Al recordar hoy nuestra ordenación presbiteral queremos renovar juntos, con el frescor y la alegría del primer día, nuestras promesas sacerdotales. Hagamos memoria agradecida del don recibido de Cristo y de la presencia permanente del Espíritu Santo en nosotros. Renovemos nuestro compromiso de amor contraído con Jesucristo y con los hermanos. Reconozcamos la inigualable novedad del ministerio y misión a la que servimos. Somos los ministros de la gracia del Espíritu Santo que Cristo ha enviado al mundo para la sanación y la salvación de todos desde la Cruz. Esta es la fuente de la que surgirá una renovada alegría y un renovado impulso apostólico, el bálsamo que sanará nuestras heridas y la luz que nos guiará en la tarea pastoral. Dios es fiel a su palabra, a su don y a sus promesas. Su Espíritu es la fuerza que nos sustenta y alienta en nuestras luchas y dificultades, ante la tentación de la tibieza, del aburguesamiento, de la acedia y del desaliento.

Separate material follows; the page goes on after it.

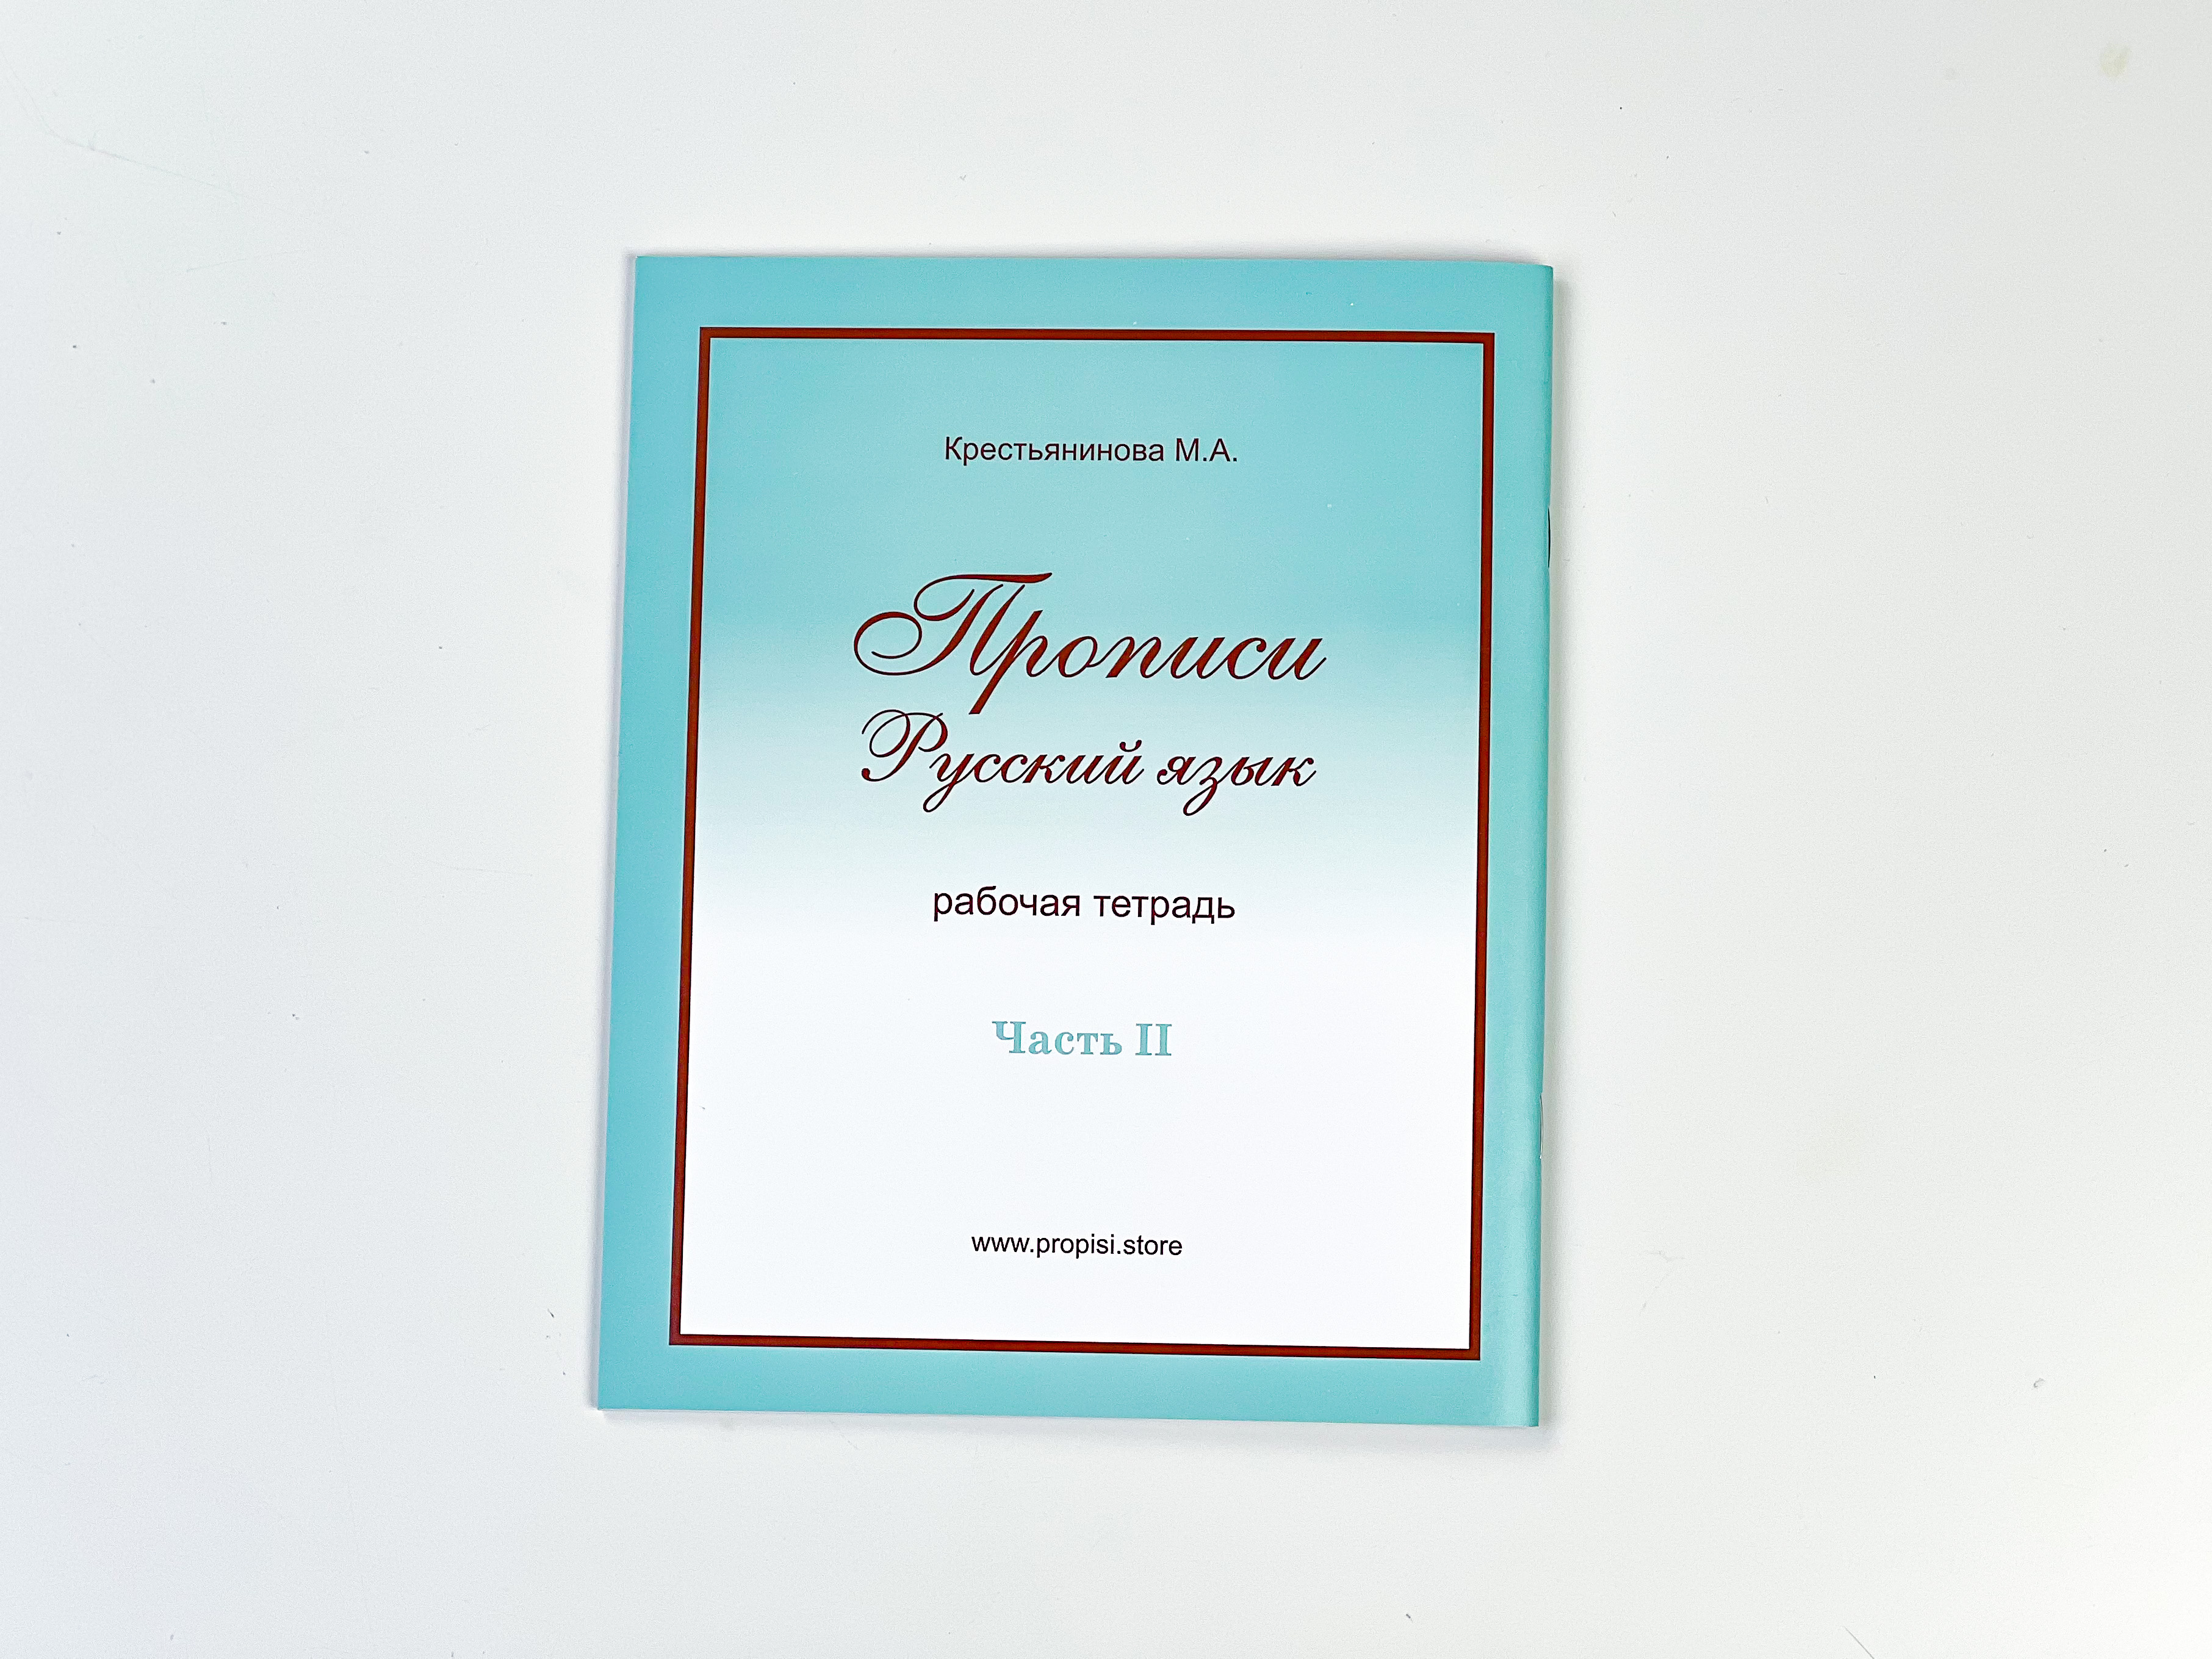 Тетради рабочие propisi.store Прописи русский язык 2 шт А5 - фото 17

La unción y la presencia del Espíritu están íntimamente unidas a nuestra misión. Hemos sido ungidos para ser enviados; en el servicio fiel y entregado a nuestro ministerio encontraremos el camino de la alegría y de nuestro ardor, y también de nuestra santificación. En su exhortación apostólica Gaudete et exúltate, el papa Francisco nos acaba de llamar a todos los cristianos a caminar hacia la santidad. El camino de la santidad de los sacerdotes está en el ejercicio de nuestro ministerio, viviéndolo como un amoris officium. Seamos pastores con Espíritu Santo: sólo así evitaremos el peligro de neopelagianismo que sólo cuenta con los planes y el hacer humano o del neognosticismo del una espiritualidad desencarnada que termina en una ideología.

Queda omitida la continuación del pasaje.